Dear Axel,
the point of making boost::histogram was to offer a standard solution so that people can stop reinventing histograms. All code has bugs, but if many people use the same code, it is going to have fewer bugs. That’s why boost::histogram was designed to be super flexible, so that if you don’t like a given part, you can switch that out and still use the rest.
Conceptually, histograms and profiles can be split into three orthogonal components (as explained here)
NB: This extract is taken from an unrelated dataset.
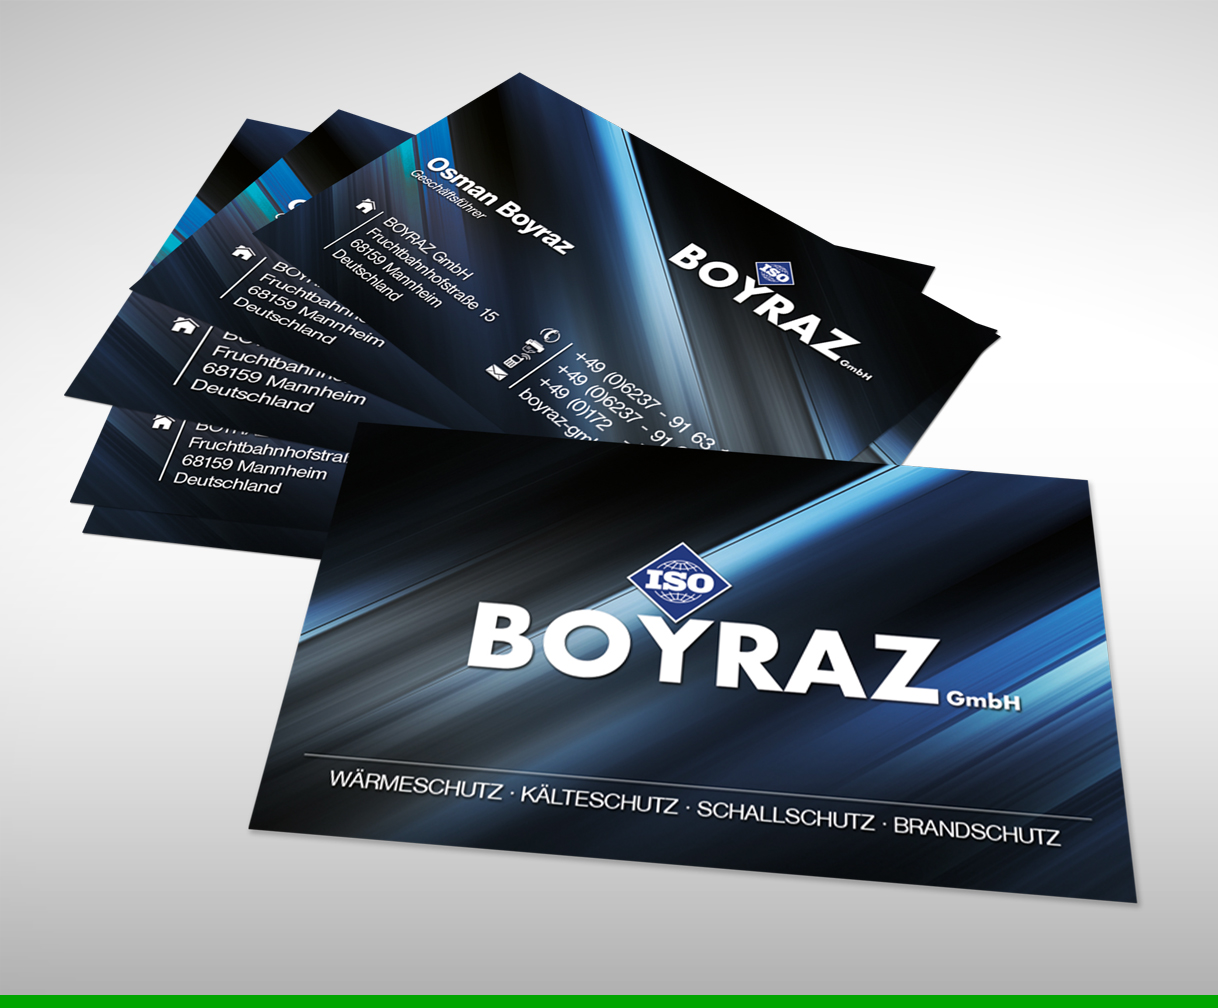 Boyraz GmbH

- Axes: converts values to bin indices
- Storage: manages memory for the histogram cells
- Accumulators: the object that sits in a cell and reacts to data that is sorted into the cell
The components are orthogonal, because they can be combined arbitrarily, they only talk through their respective interfaces to each other. To get a sparse histogram, you replace a array-based storage with a map-based storage. To go from histogram to profile, you replace an integer or floating point counter per cell with an object that keeps track of the sum of values and the number of times a value was entered in each cell. This design allows maximum code re-use.
You could replicate these ideas in ROOT, but that would go against the idea of sharing as much code as possible to have fewer bugs and ease maintenance.
It is said here that ROOT 7 will use “standard C++ types”, so why not use boost::histogram as the foundation for a custom histogram class. ROOT 7 could inherit from boost::histogram and implement a ROOT-like interface and additional capabilities on top of that foundation. boost is the best standard in the C++ world next to having something in the official C++ standard library.
I also want to be be clear that boost::histogram only addresses the focused problem of histogramming and profiling data, it does not provide functionality to fit data or to plot data. These features should come from other libraries such as ROOT.